In the 30 years that I have been at the Columbia-Presbyterian Medical Center (CPMC) and Columbia University, many new antibiotics have been discovered in nature or synthesized. In 1960, there were only two penicillins (penicillin G and V), three oral tetracyclines, three sulfonamides, one aminoglycoside for parenteral use (streptomycin), chloramphenicol, and one macrolide (erythromycin). Today there are more than 50 penicillins, 75 cephalosporins, 12 tetracyclines, nine aminoglycosides, three carbapenems, one monobactam, nine macrolides, three dihydrofolate reductase inhibitors, and at least 20 fluoroquinolones. Given this huge array of antimicrobial agents, it would seem that an individual could not possibly die of an infection in a hospital such as the Milstein Hospital at CPMC. Unfortunately, that is not true, and indeed one could not only die in CPMC but also in New York Hospital, San Francisco General, or the Massachusetts General Hospital. This is a result of the development of resistance by many of the bacteria that one encounters both in the hospital and more recently in the community setting.[1]
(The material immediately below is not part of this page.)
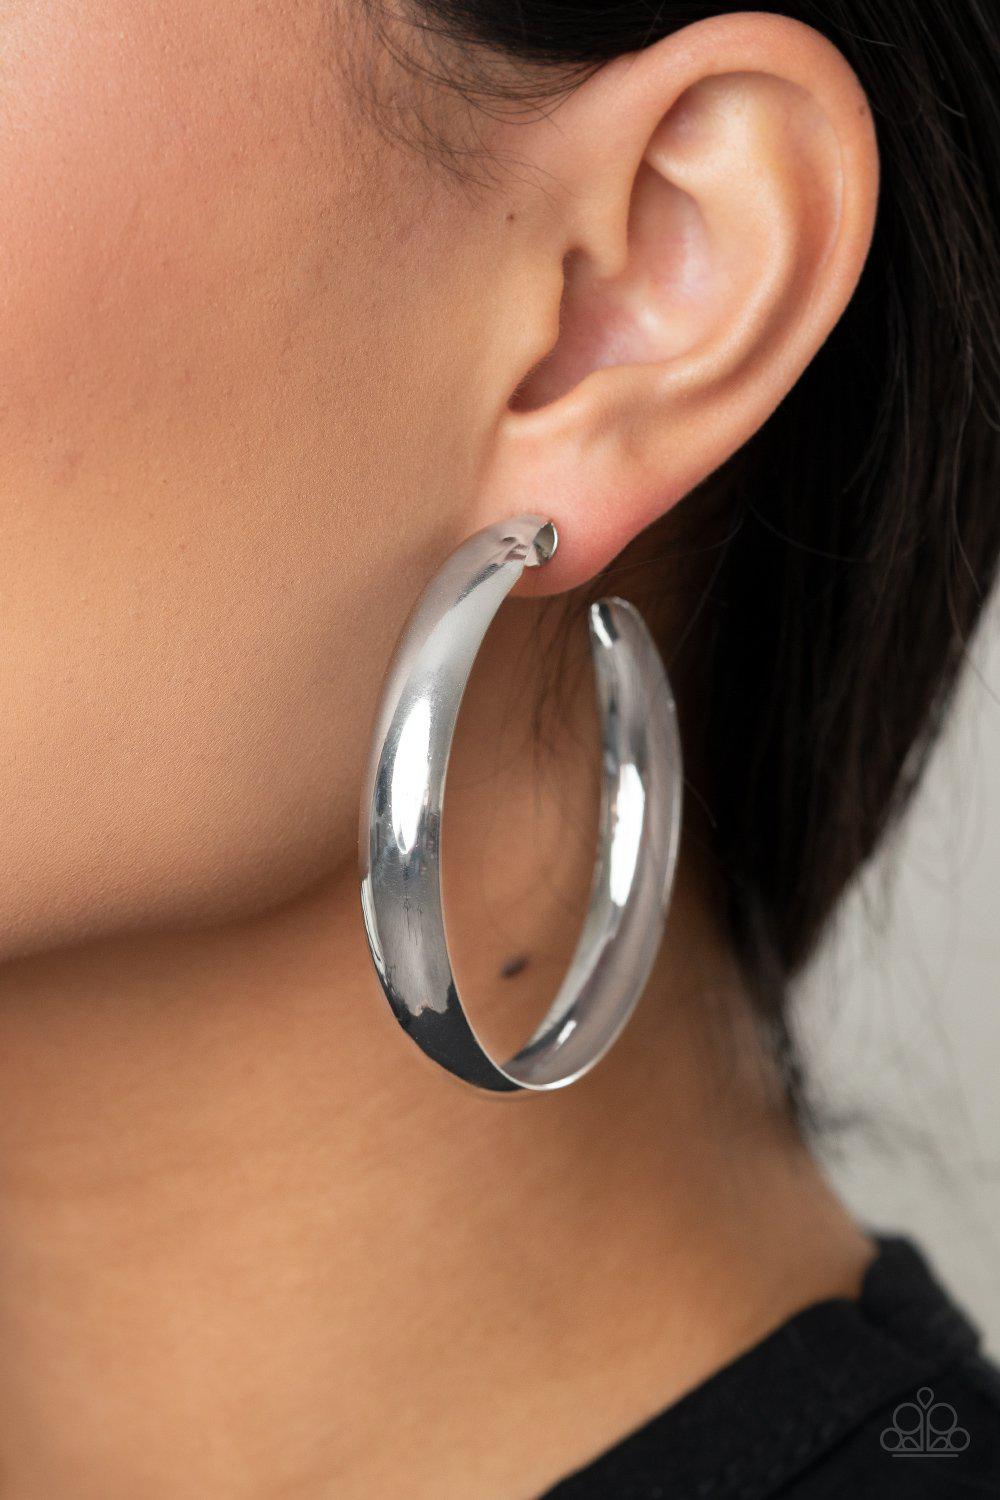 BEVEL In It Silver Hoop Earrings - Paparazzi Accessories - model -CarasShop.com - $5 Jewelry by Cara Jewels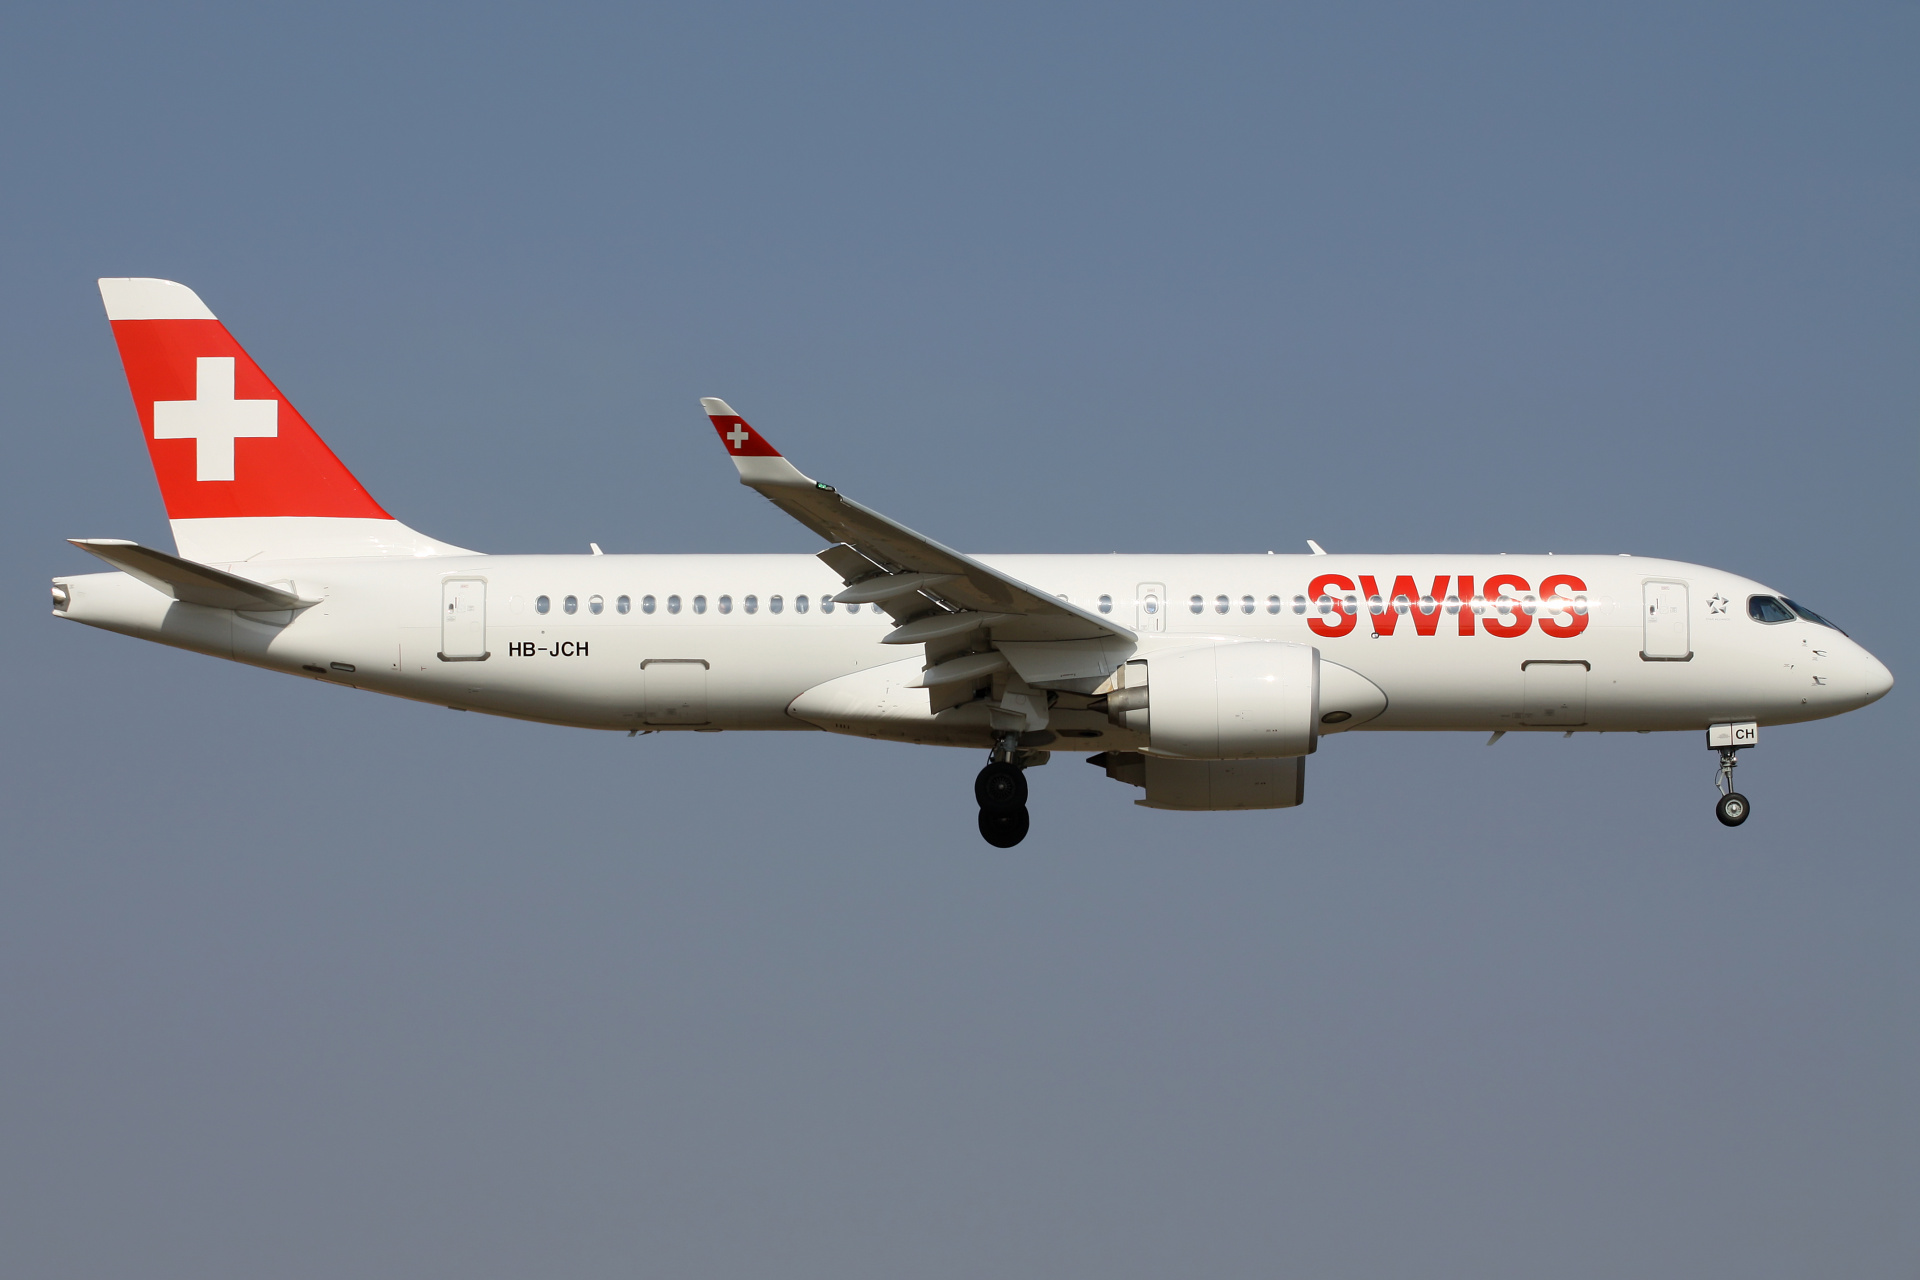 HB-JCH (Aircraft » EPWA Spotting » Airbus A220-300 » Swiss International Air Lines)

This article will address what particular effect resistance has had upon antimicrobial therapy at CPMC over the last 30 years. During this period of time our division has studied virtually every class of antimicrobial agent available throughout the world. In many cases we have been the first to study the human pharmacology of the drug and to perform the initial clinical trials which have been published in the American and European literature (Table 1).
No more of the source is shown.